Вспомним вдохновенное слово Достоевского о толстовской сцене примирения у постели умирающей Анны Карениной: «Эти мелкие, ничтожные и лживые люди стали вдруг истинными и правдивыми людьми, достойными имени человеческого,— естественною силою природного закона, закона смерти человеческой. Вся скорлупа их исчезла и явилась одна их истина... гениальная сцена...»

Не подобную ли сцену, может быть, самую, самую героическую, в истории рода человеческого и предстоит теперь людям сыграть в жизни, для спасения жизни, для победы над смертью?

Не потому ли сейчас и открываешь заново: «Ведь был я же сегодня у смерти три четверти часа, прожил с этой мыслью, был у последнего мгновения и теперь еще раз живу!.. Жизнь — дар, жизнь — счастье, каждая минута могла быть веком счастья».

Не потому ли, как никогда, становится ясно: «...Эта живая жизнь есть нечто до того прямое и простое, до того прямо на нас смотрящее, что именно из-за этой-то прямоты и ясности невозможно поверить, чтоб это было то самое, чего мы всю жизнь с таким трудом ищем... Самое простое принимается лишь всегда под конец, когда уже перепробовано все, что казалось мудреней или глупей».

И еще: «Клейкие весенние листочки, голубое небо люблю я, вот что! Тут не ум, не логика, тут нутром, тут чревом любишь, первые свои молодые силы любишь... Понимаешь ли ты что-нибудь в моей ахинее, Алешка, аль нет? — засмеялся вдруг Иван.

— Слишком понимаю, Иван: нутром и чревом хочется любить — прекрасно ты это сказал, и рад я ужасно за то, что тебе так жить хочется,— воскликнул Алеша.— Я думаю, что все должны прежде всего на свете жизнь полюбить.

— Жизнь полюбить больше, чем смысл ее?

— Непременно так, полюбить прежде логики, как ты говоришь, непременно чтобы прежде логики и тогда только я и смысл пойму».

И, конечно, Пушкин:

Друзья мои, прекрасен наш союз!..

А еще:

И речка подо льдом блестит...

И этому всему не быть? Не скажут люди: были у последнего мгновения и теперь еще раз живем?
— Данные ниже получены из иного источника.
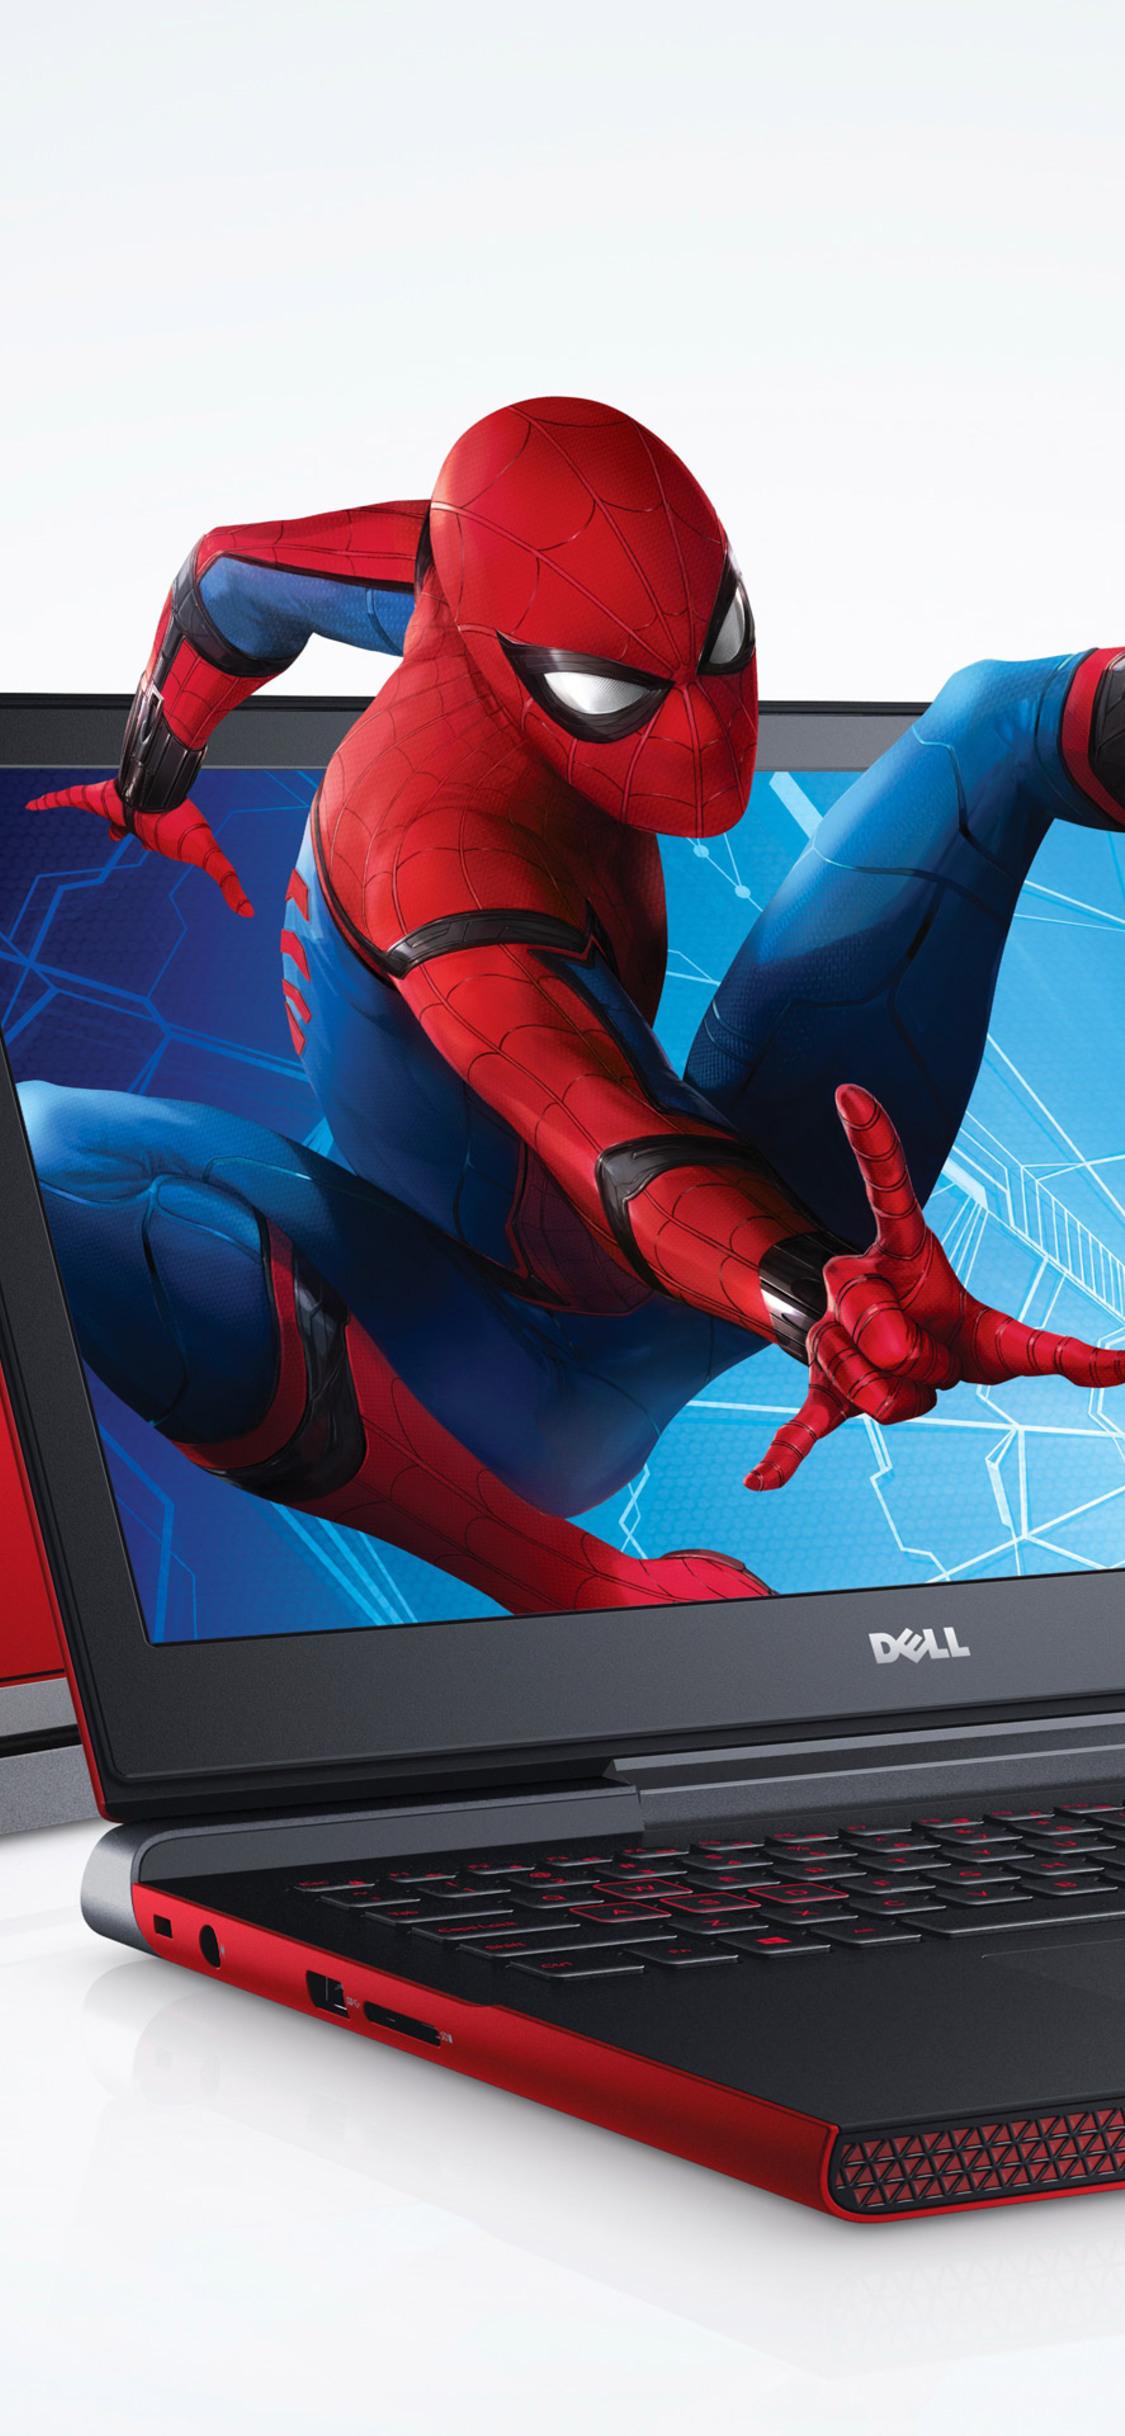 dell-spiderman-edition-inspiron-15-7000-qhd.jpg

«Люблю жизнь для жизни...»

Давно, лет двадцать назад, я впервые прочитал такое признание Достоевского: «...несмотря на все утраты, я люблю жизнь горячо, люблю жизнь для жизни и, серьезно, все еще собираюсь начать мою жизнь. Мне скоро пятьдесят лет, а я все еще никак не могу распознать, оканчиваю ли я мою жизнь или только лишь ее начинаю. Вот главная черта моего характера; может быть, и деятельности».
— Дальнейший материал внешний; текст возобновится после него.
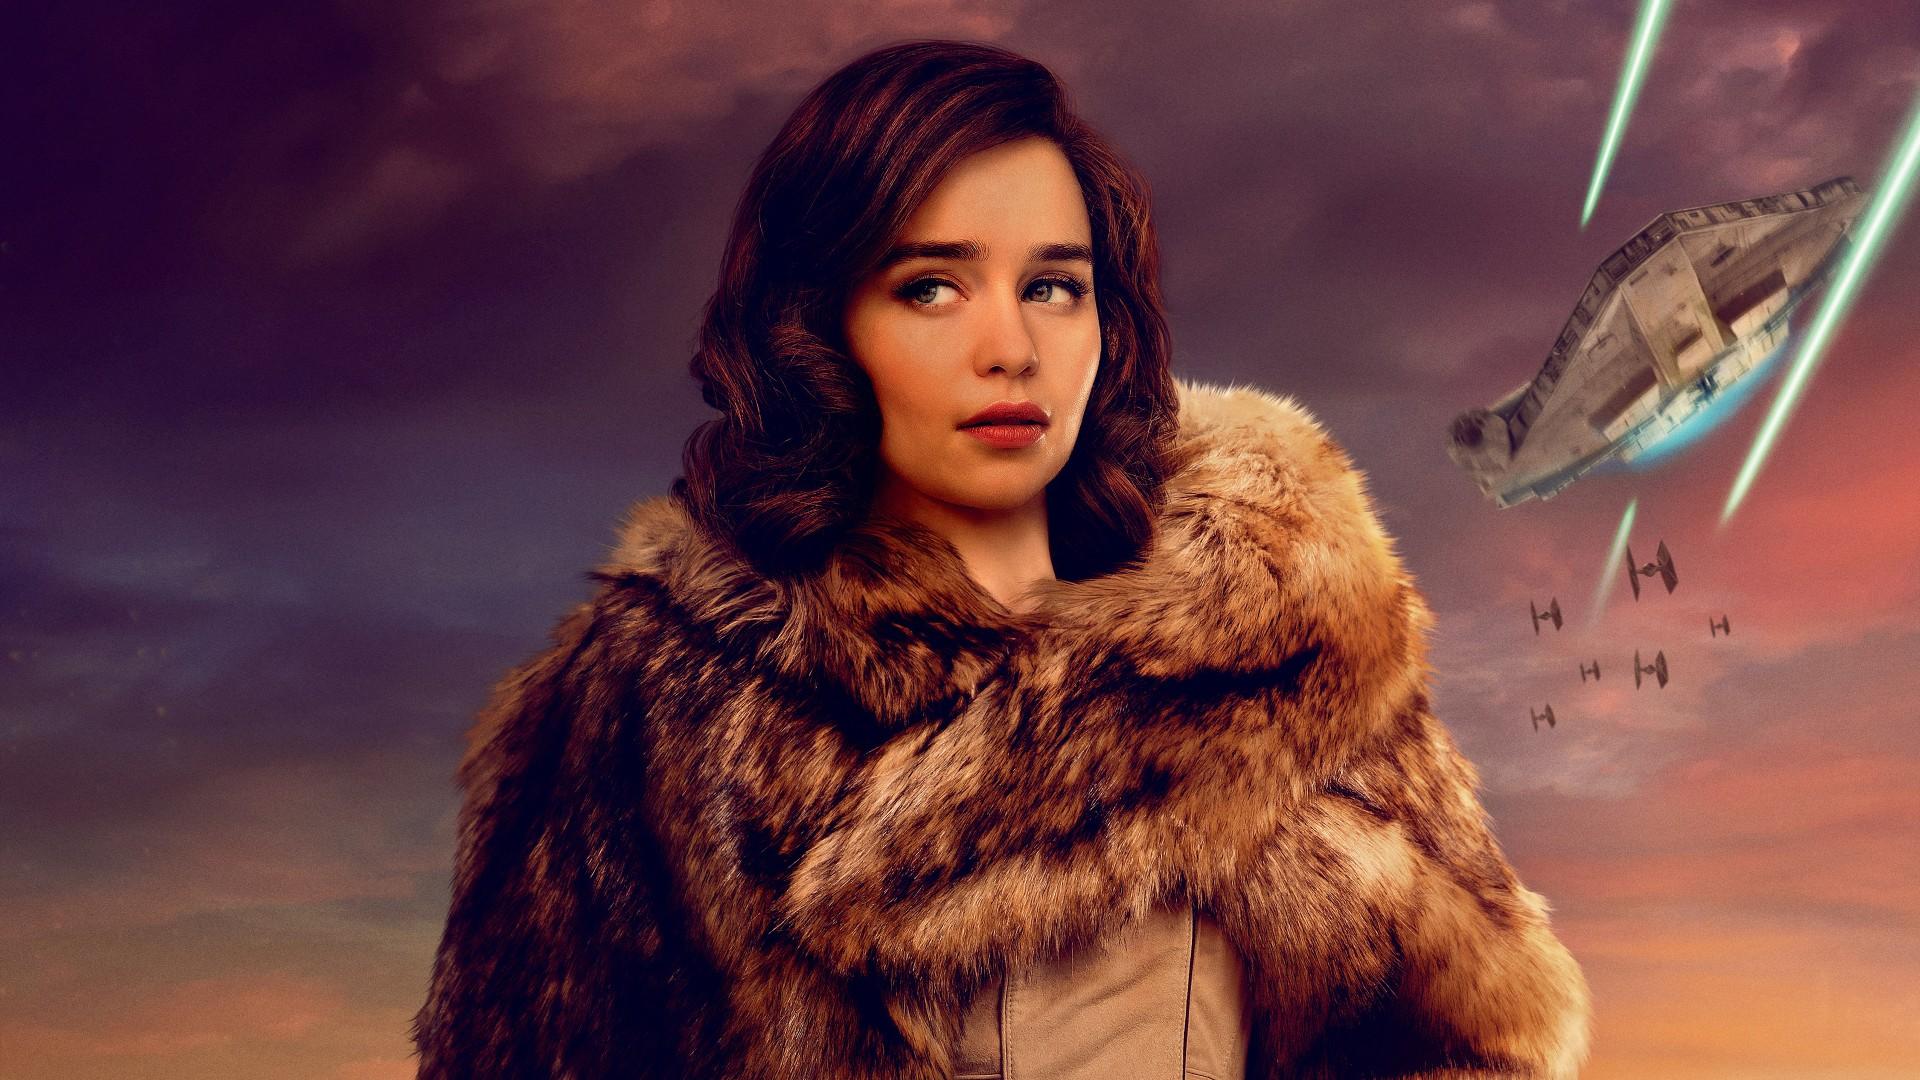 Download Apple Wallpaper Hd For Windows 7 Qi Ra Solo A Star Wars Story Emilia Clarke 4k Wallpapers

Тогда же я обратил внимание на то, что есть черновой, опубликованный в 4-м томе писем Ф.М.Достоевского, вариант этой записи (в альбом одной женщине) и что по нему видно, как Достоевский работает над этими словами, чеканит их, стало быть, придавая им особое значение. Не есть ли это его жизненное и эстетическое кредо?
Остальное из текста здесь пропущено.